How long do coalition forces think it will take before they retake the city?

Coalition commanders predict it could take months to recapture the city where Islamic State is holding the populace hostage, using civilians as human shields and murdering former policemen, civil servants and anyone suspected of disloyalty.

What will likely happen to civilians there during the fighting? Are many expected to flee?

Islamic State has dug trenches, bulldozed berms, blown up bridges and mined the approaches to Mosul to slow the advance of attacking forces and to prevent civilians from fleeing. Nevertheless, more than 5,000 have left and reached a camp across the border in Syria, while 10,000 residents of villages and towns near Mosul have sought shelter in refugee camps. Many Sunni civilians could remain in Mosul, fearing death or abuse by mainly Shia Iraqi forces accusing them of collaboration or seeking revenge for Islamic State atrocities.

Might this assault trigger a new refugee crisis? What arrangements are in place to help those fleeing?

Humanitarian agencies fear a catastrophic outflow of civilians from Mosul if there is heavy bombardment and urban warfare. The UN Office for the Co-ordination of Humanitarian Affairs predicts up to one million civilians could be displaced, of whom 700,000 would be in need of shelter, food and medical care. Tents and supplies have been stockpiled in the Mosul area by UN and international humanitarian agencies. Eleven camps are being prepared to house 120,000 people. Funding falls far short of needs. Some 3.5 million Iraqis, more than 10 per cent of the population, have been displaced by the conflict with Islamic State.

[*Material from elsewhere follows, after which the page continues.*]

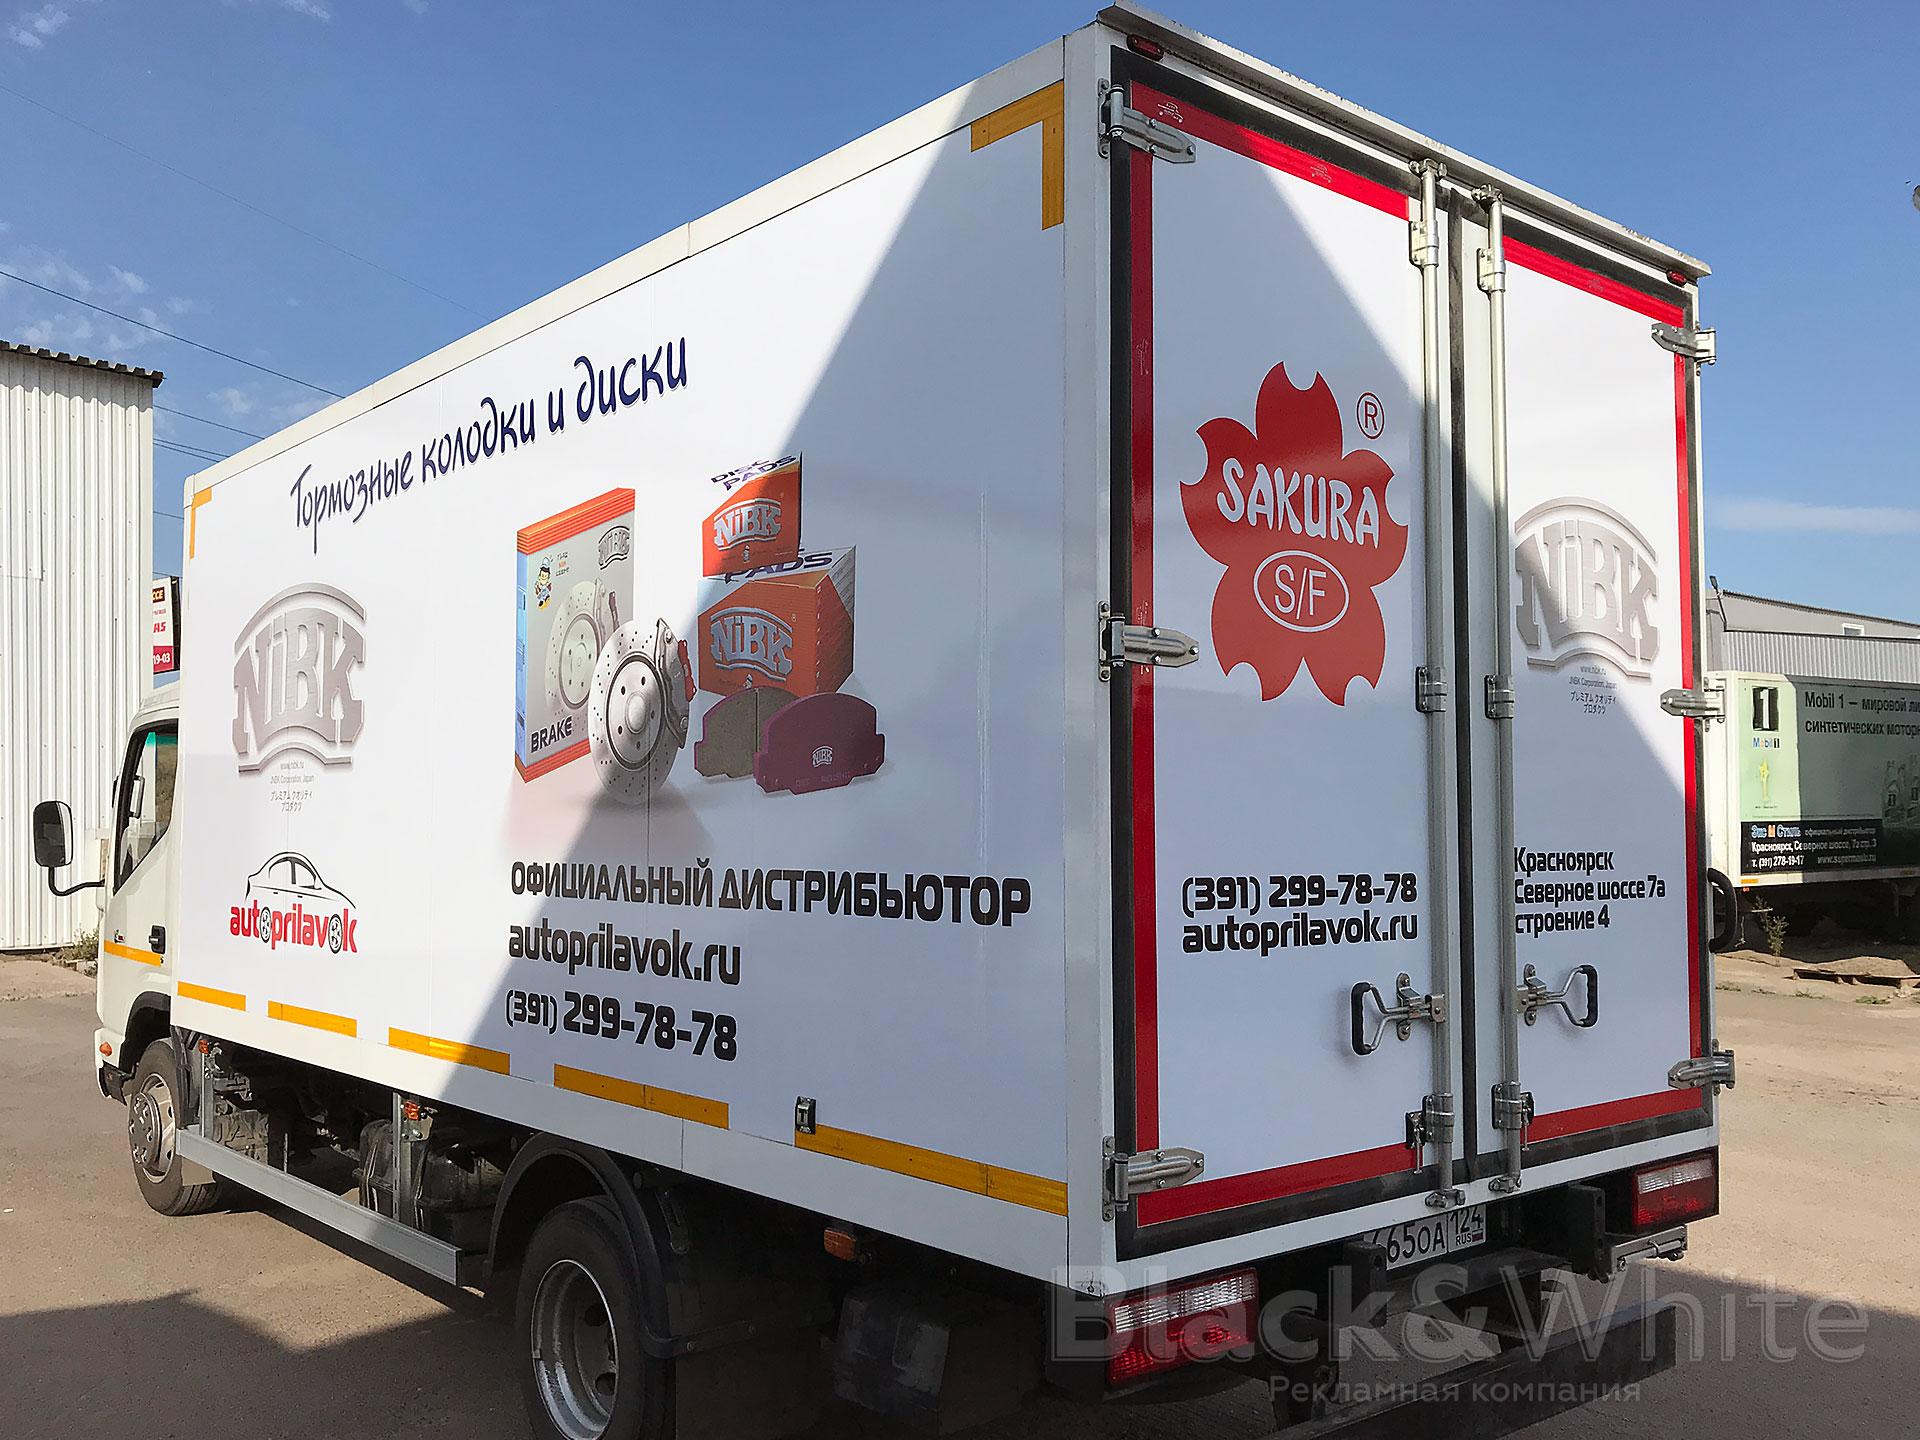 2-Брендирование-и-оклейка-грузовых-автомобилей-brendirovanie-gruzovyix-avtomobilej-Black&White.jpg

If Mosul is successfully retaken, is that the end of Islamic State?

The recapture of Mosul is unlikely to eliminate Islamic State, which would continue to hold some territory in Iraq and large tracts of land in central and eastern Syria. If driven from Mosul, Islamic State fighters are likely to go to Syria, to Raqqa, the group’s headquarters and capital, and to Deir al-Zor province, which is held by Islamic State. Even if defeated and expelled from Syria, the group has bases in Libya, Egypt, Pakistan, Afghanistan, and north and sub-Saharan Africa. An idea as well as a movement, Islamic State has global social media recruits who have been and can be ordered or inspired to carry out violent operations across the world.

Are there any plans for a similar assault on Raqqa?

Both the US and France understand the importance of preventing Islamic State fighters from retreating to Raqqa and Deir al-Zor, and Washington has said the Mosul and Raqqa campaigns should overlap. However, the US-led coalition has not announced a plan or identified coalition forces for an offensive against Islamic State in Raqqa. The US has recruited, trained and armed Syrian Kurds and Arabs in the Syrian Democratic Forces coalition with the aim of retaking Raqqa, but this formation is neither large enough nor strong enough to carry out this task. If it is serious about Raqqa the US may be compelled to join forces with the Syrian army, Russian air force, Iranian troops, Lebanese Hizbullah fighters and Iraqi Shia militiamen allied to the Syrian army in Damascus’s battle against Islamic State, al-Qaeda and other insurgents. This could necessitate dealing with the Syrian government which Washington has said has lost legitimacy. Having sent Turkish troops and tanks into Syria along with anti-government Free Syrian Army fighters and taken territory from Islamic State, Ankara is also demanding a role in an offensive against Raqqa, although the Turkish army has been shelling and bombing US-supported Syrian Democratic Forces units on the pretext they are allied to Turkish Kurds fighting Ankara.